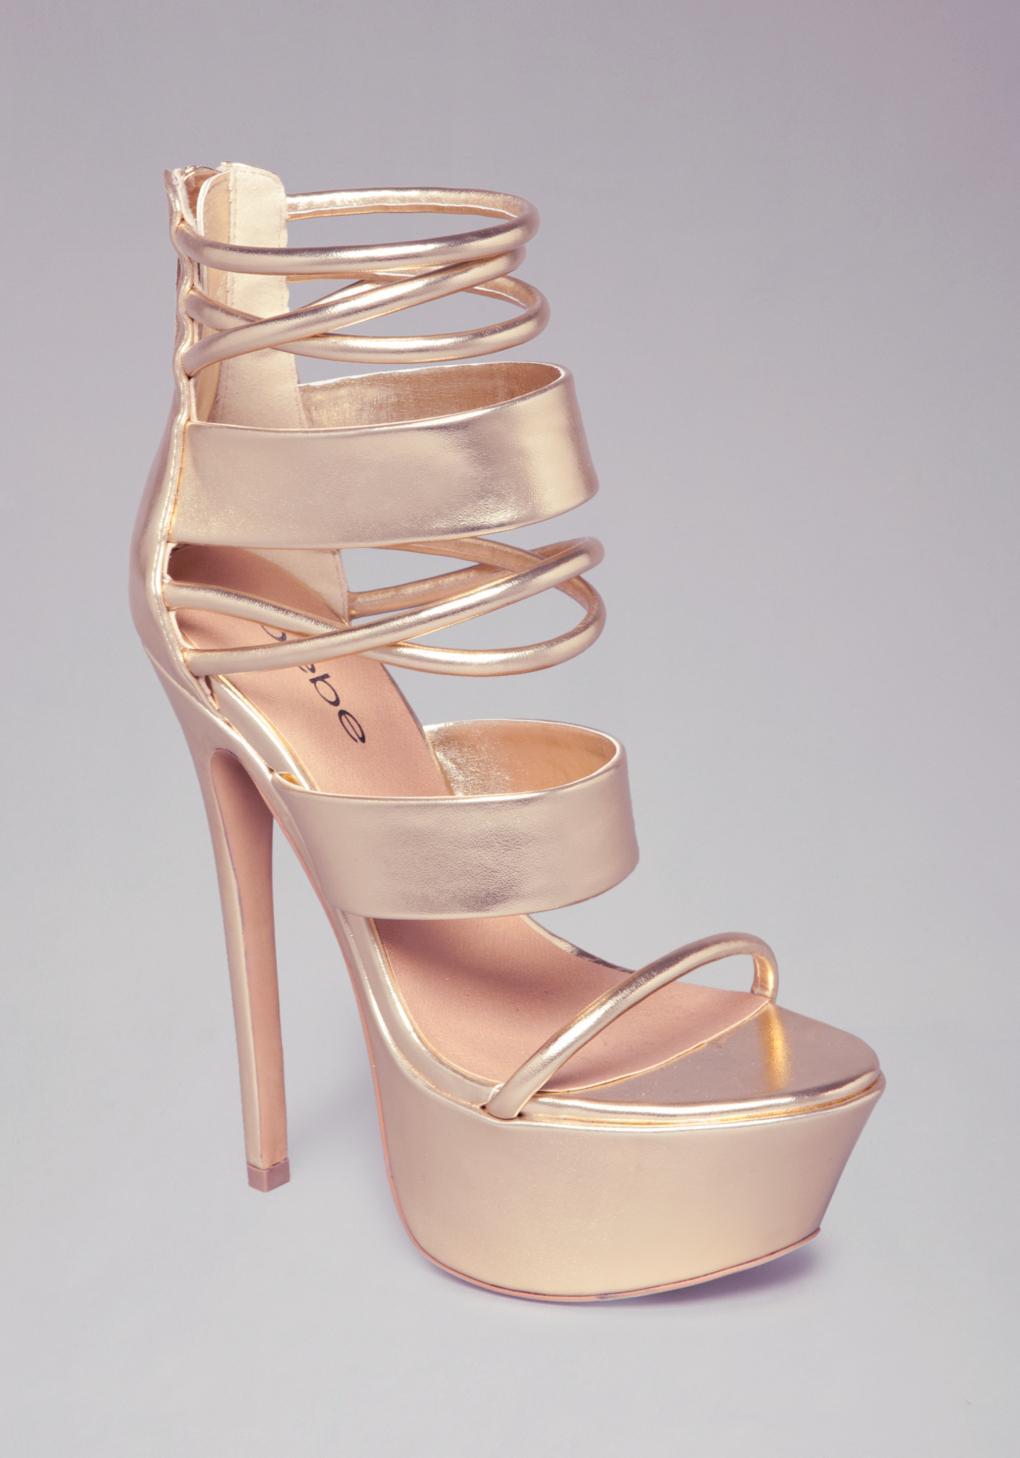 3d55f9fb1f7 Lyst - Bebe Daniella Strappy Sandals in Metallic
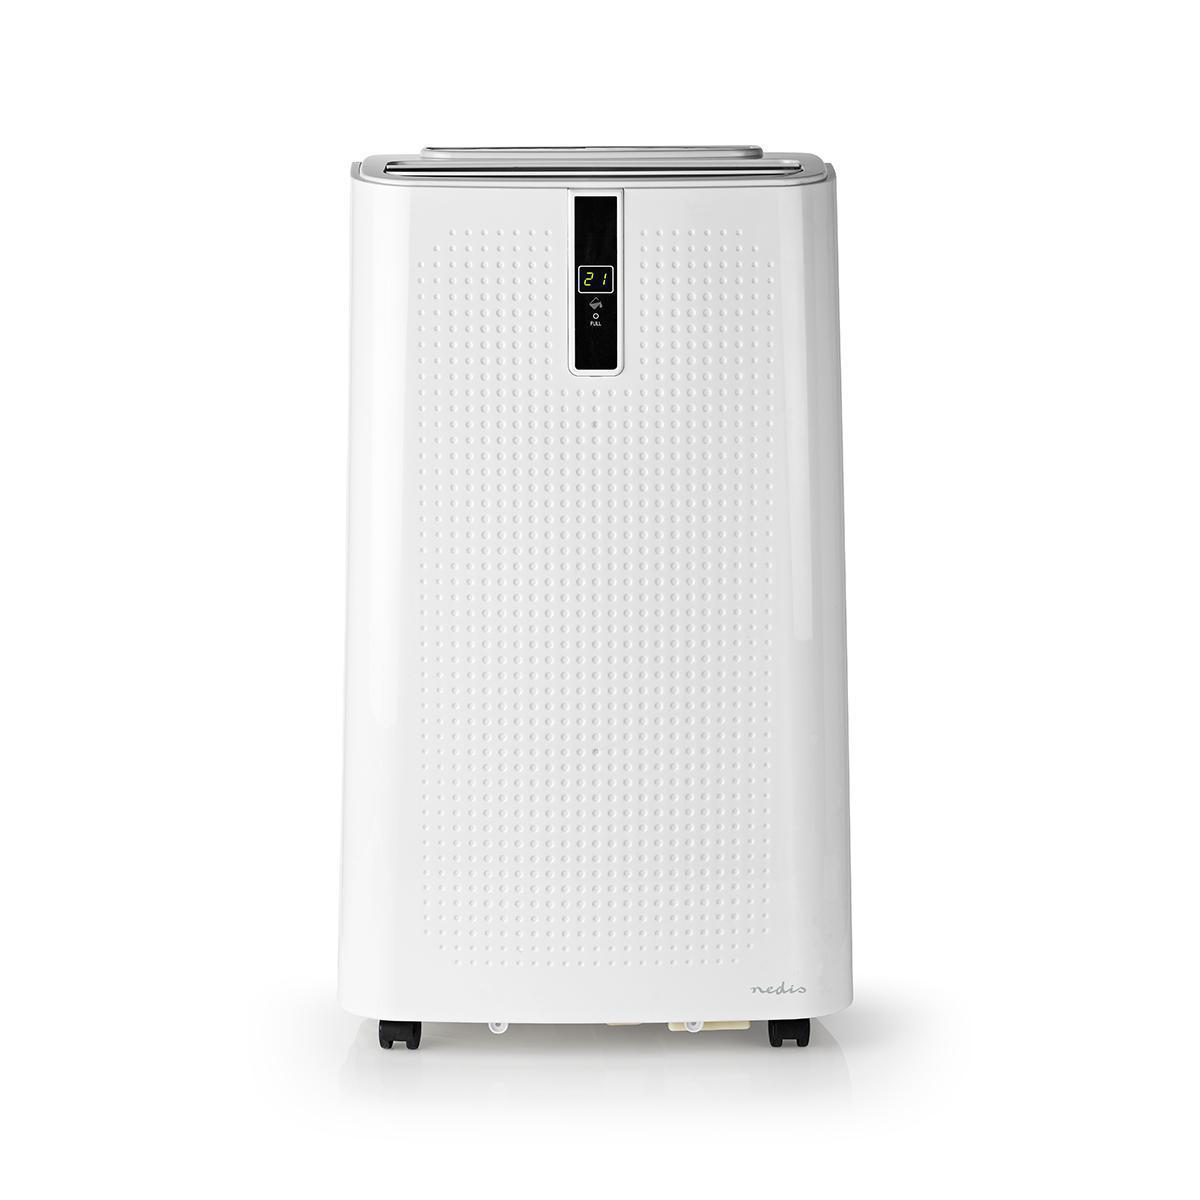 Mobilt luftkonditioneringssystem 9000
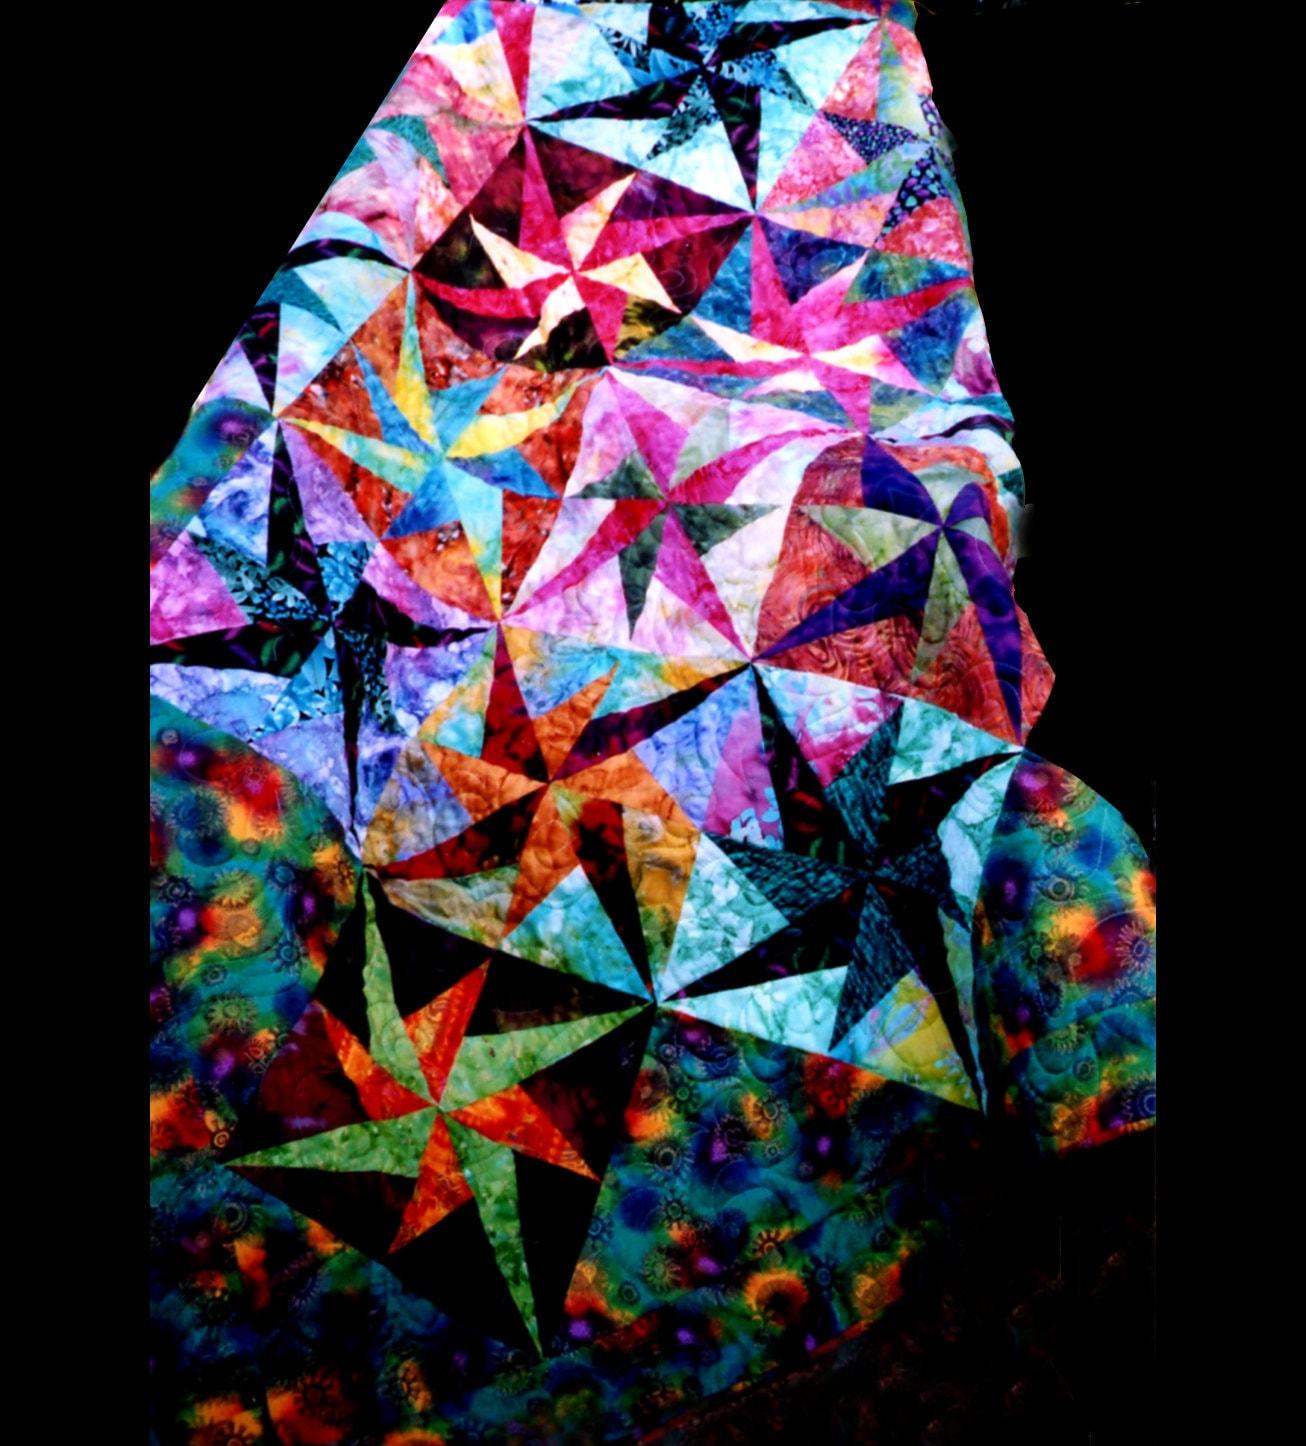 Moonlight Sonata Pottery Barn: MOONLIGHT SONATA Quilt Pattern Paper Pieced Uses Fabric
★ ★ ★
> [TASK TO CARRY OUT] An unchanged copy of the listing, with no pictures, should be returned.

> [SOLUTION TO THE EXERCISE]
 3d55f9fb1f7 Lyst - Bebe Daniella Strappy Sandals in Metallic
 Mobilt luftkonditioneringssystem 9000
 Moonlight Sonata Pottery Barn: MOONLIGHT SONATA Quilt Pattern Paper Pieced Uses Fabric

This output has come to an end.